個人的な思いではあるがキルモンガーの「死んだら海に流してくれ」という言葉、ティ・チャラは必ず彼を丁重に海に埋葬すると思われる。
またこの映画は勇敢な女性陣の活躍も目立った。ティ・チャラを慕う家族や側近ズリ、元恋人ナキア、女性だけで作られた親衛隊長のオコエ、その中でも妹であるシュリが彼のサポートとしていい動きが目立った。
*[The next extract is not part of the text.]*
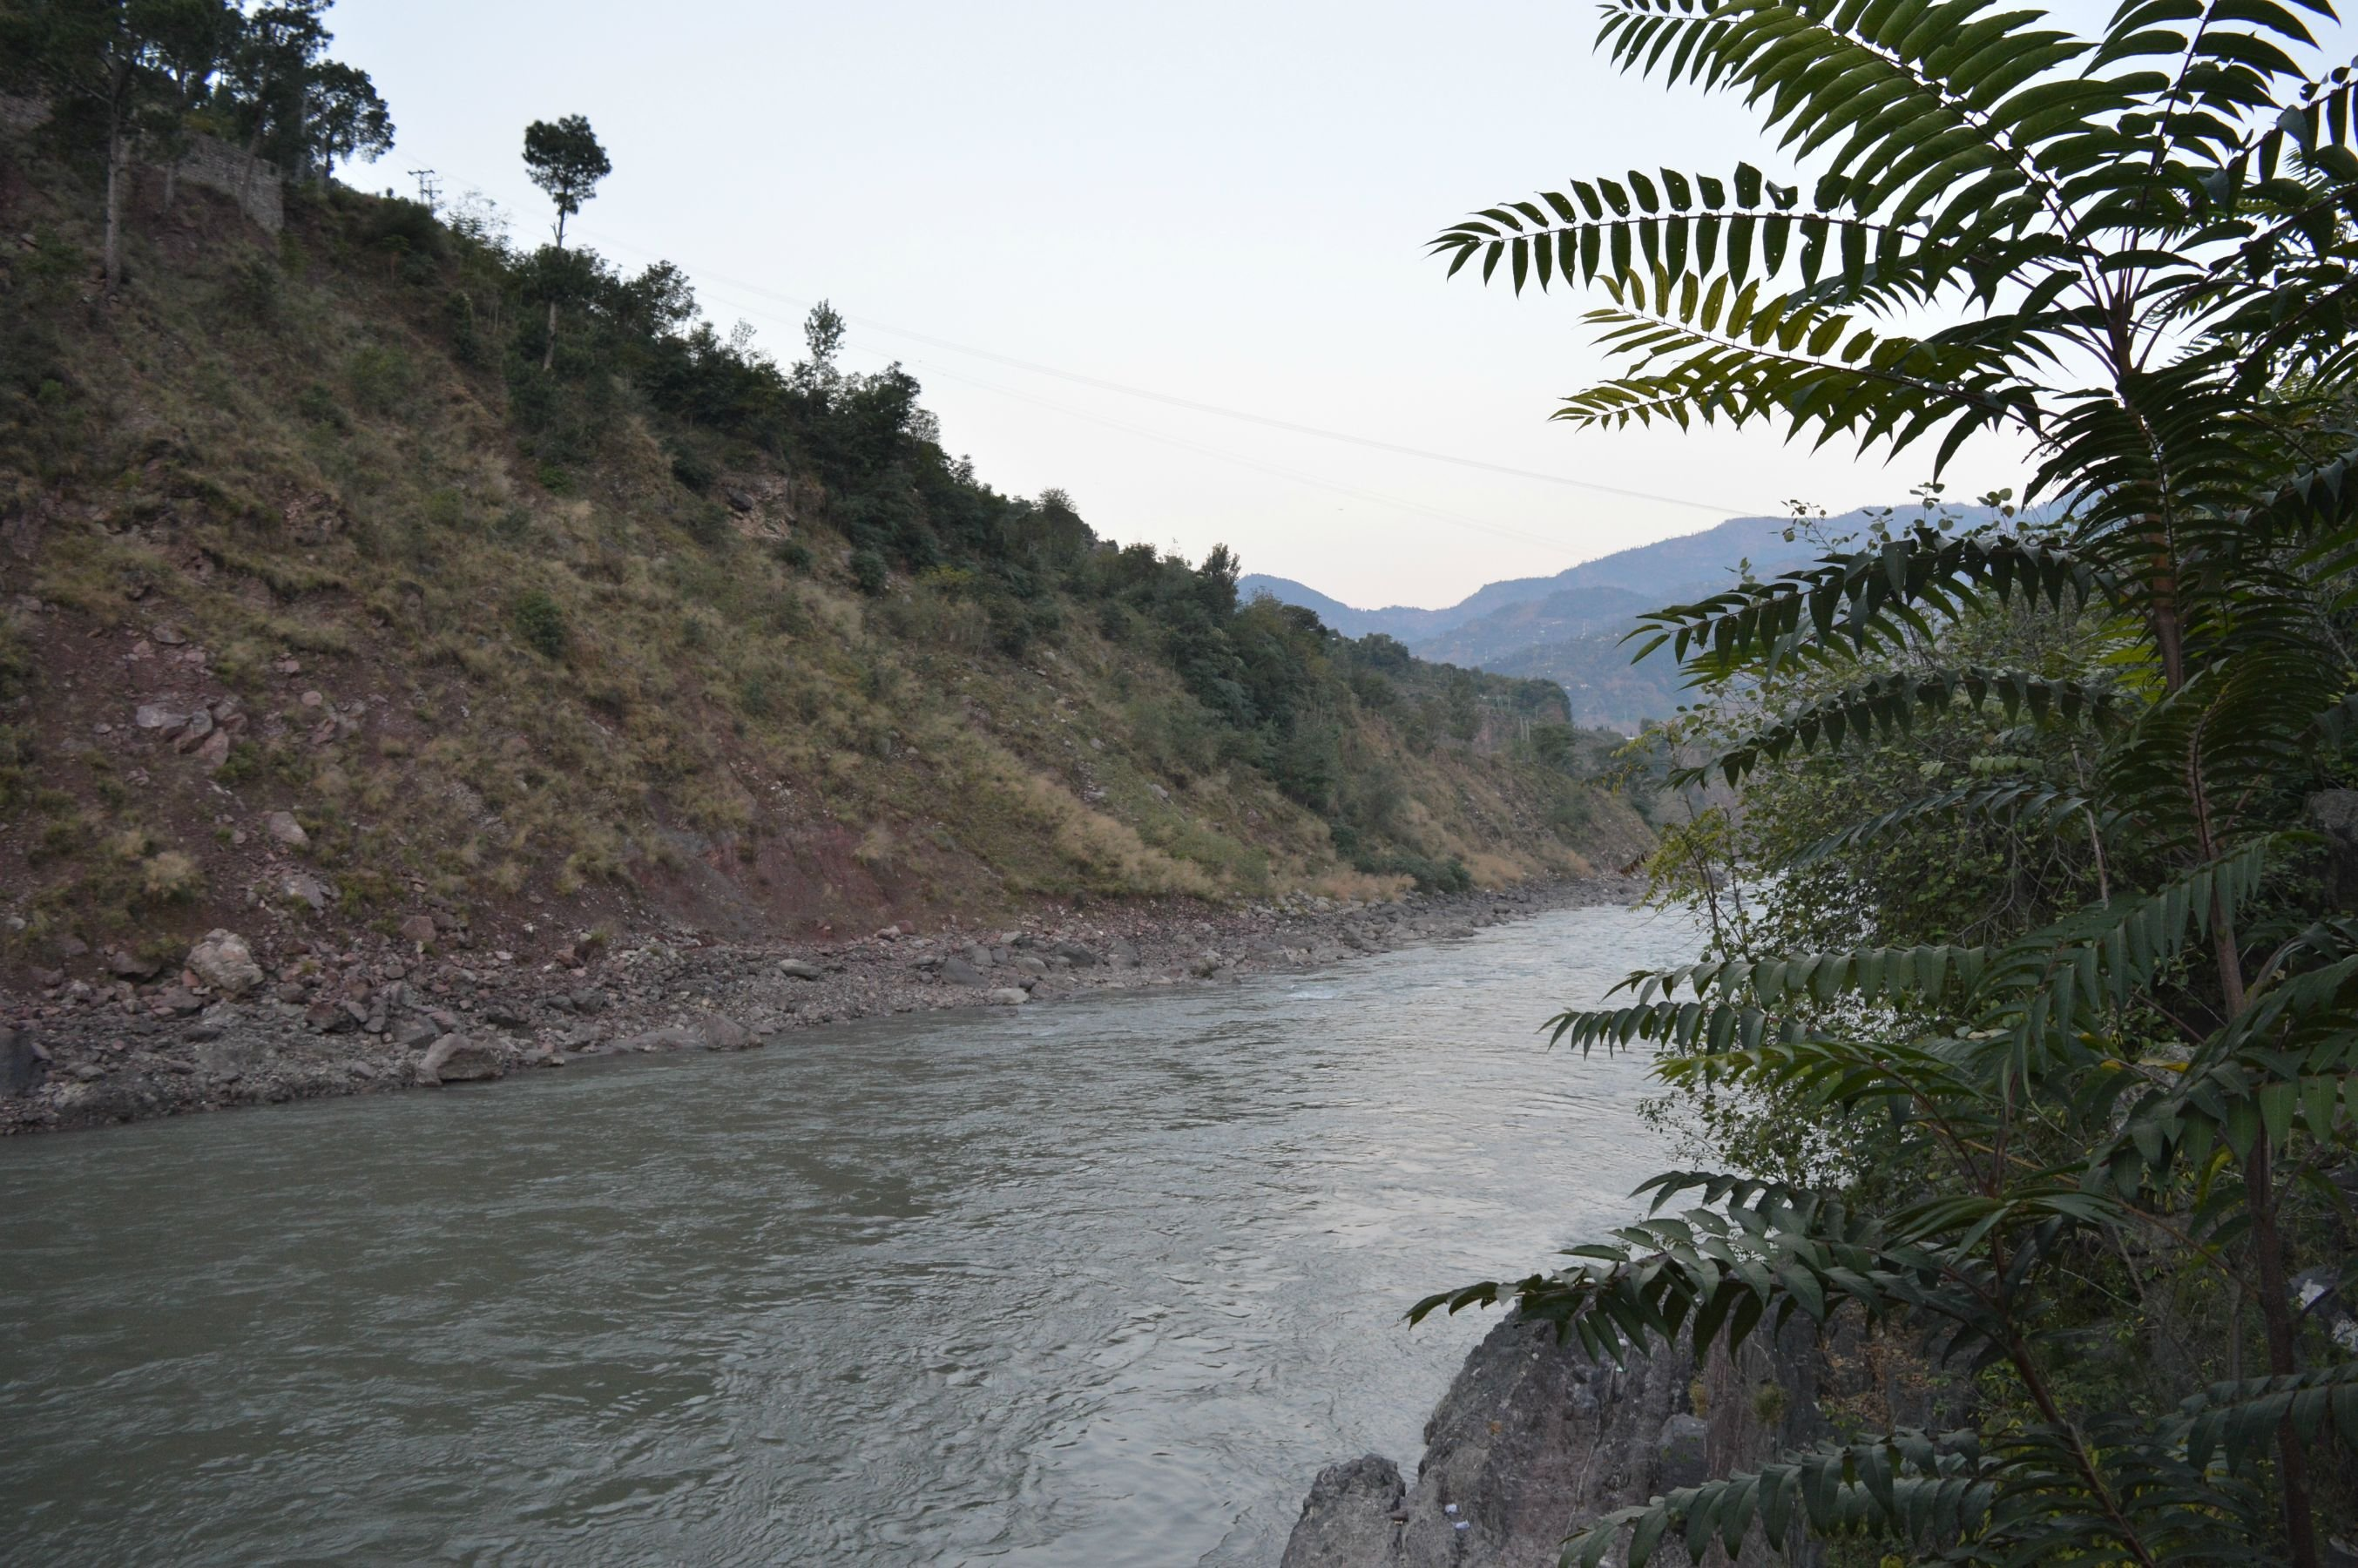 neelum river hd free - photo #8
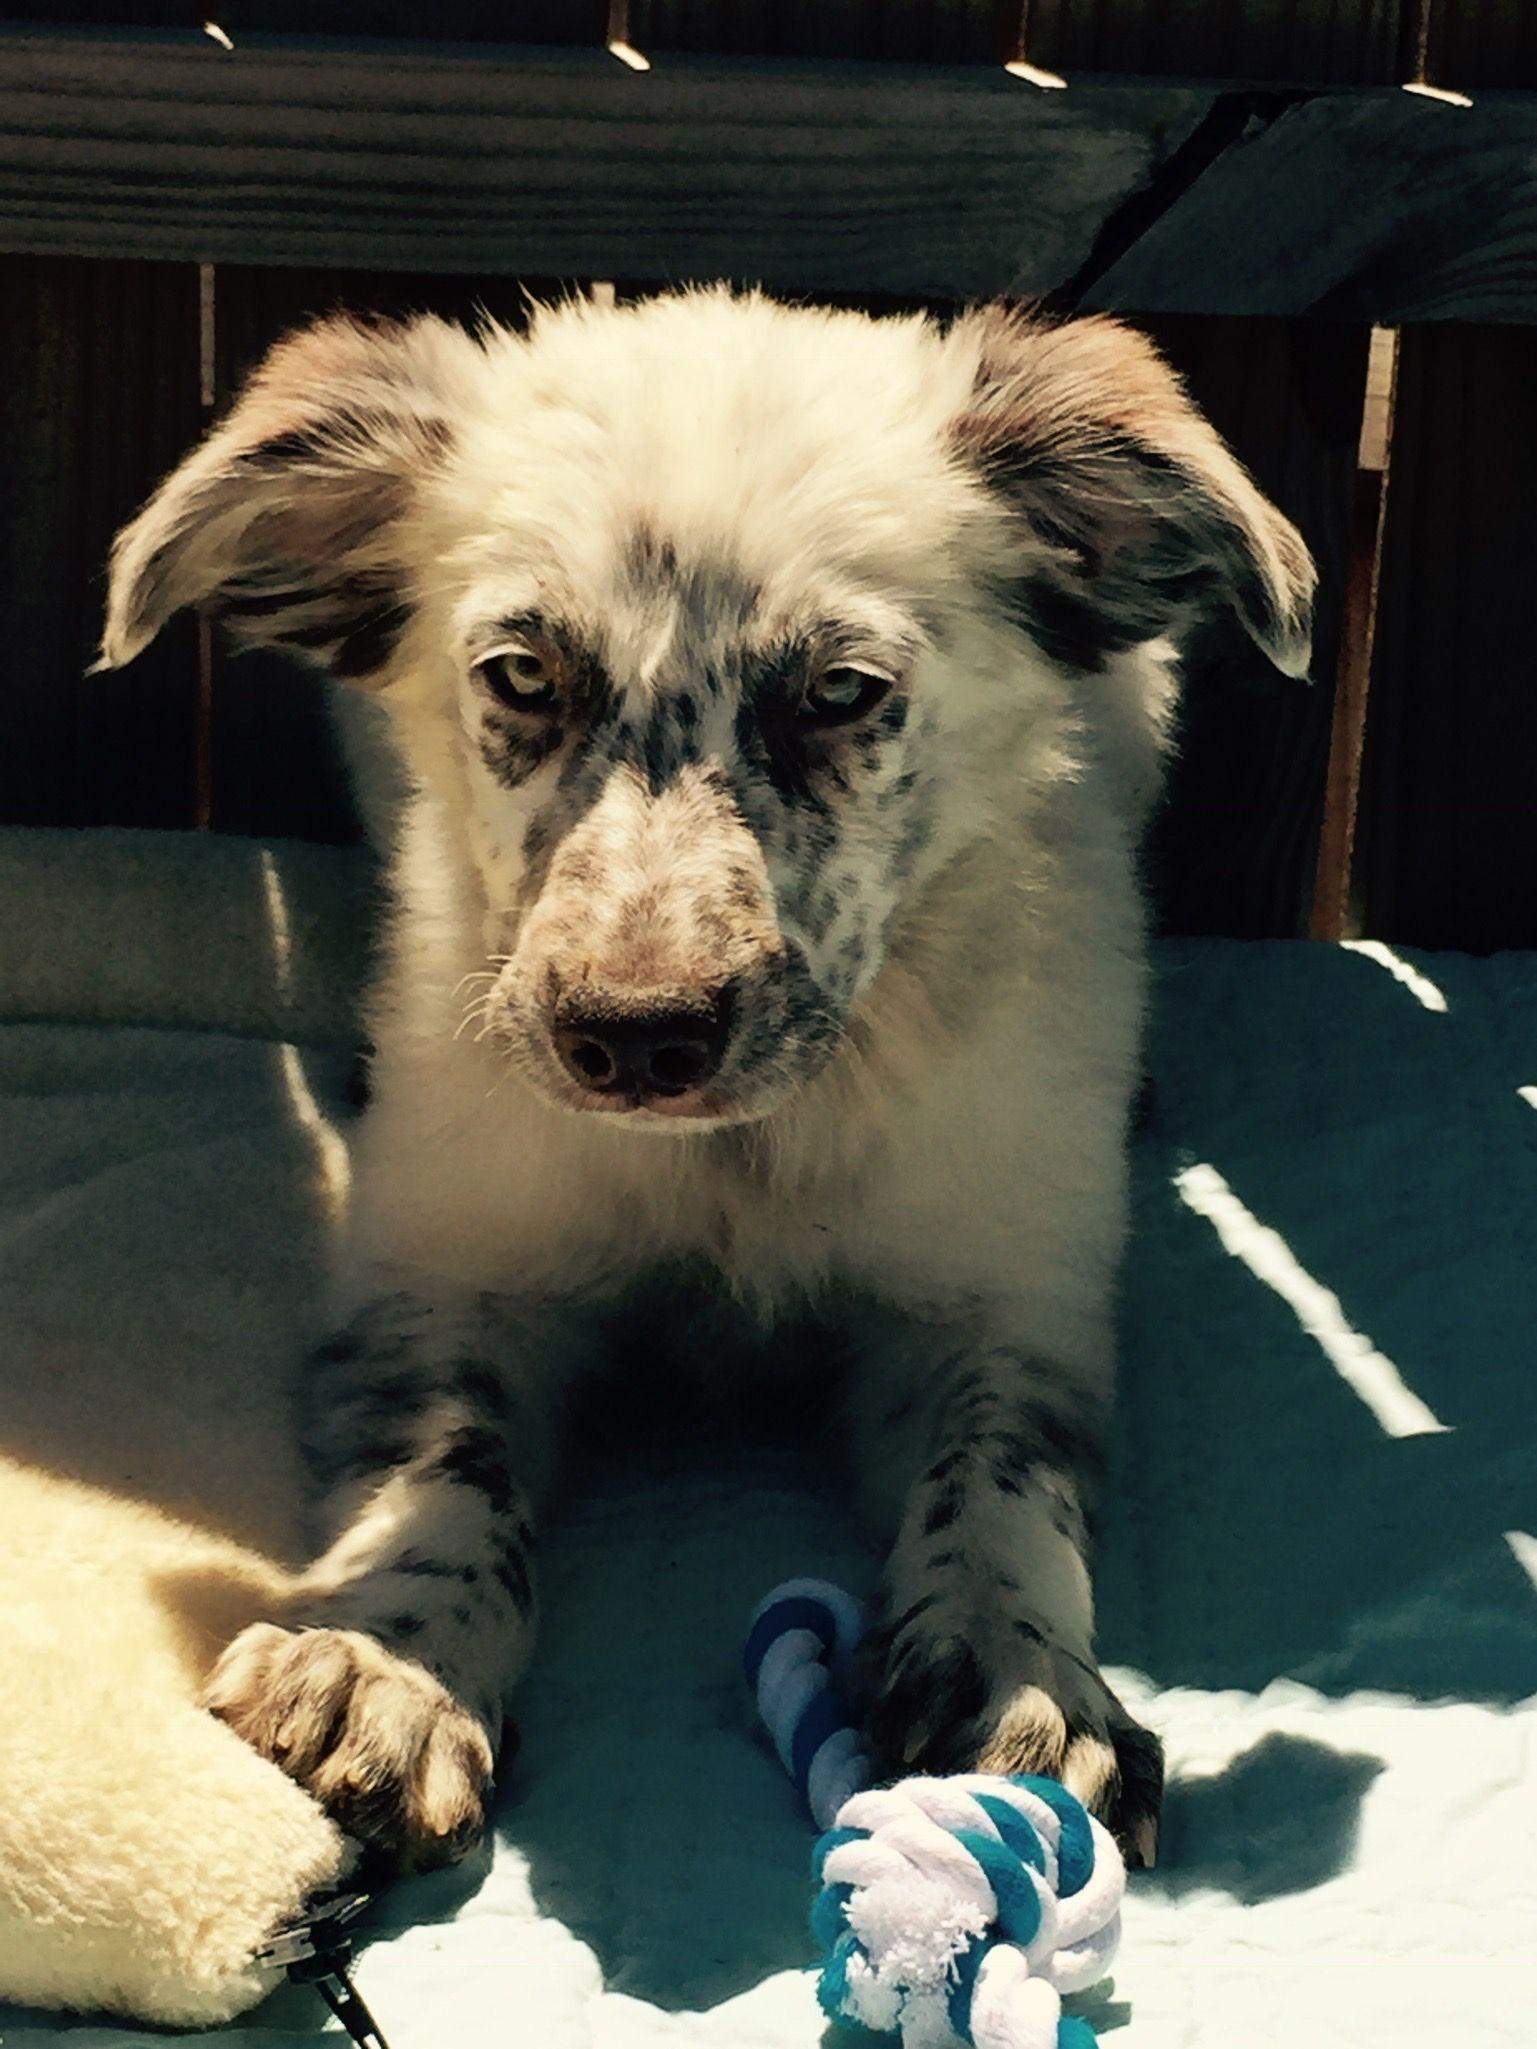 Australian Shepherd dog for Adoption in Del Rio, TX. ADN-554941 on PuppyFinder.com Gender: Female. Age: Young

この国のテクノロジーはほぼ彼女によって発明され、作られているものだと思う。
物語は国連でティ・チャラの演説「これからはこの文明を皆さんと分かち合いましょう」という台詞に対しワガンダを知らない国に「農業国と何を分かち合うのですか?」と言われるシーン、シュリと2人でキルモンガー親子が住んでいたと思われる集合住宅を買い取り、側で遊んでいた子供に「おじさんだれ?」と
話しかけられるシーンで幕を閉じる。
前国王に殺された弟の子供の復讐劇というどこにでもありそうなテーマなのだが、そこから話を広げ細部までよく作られている良作だった。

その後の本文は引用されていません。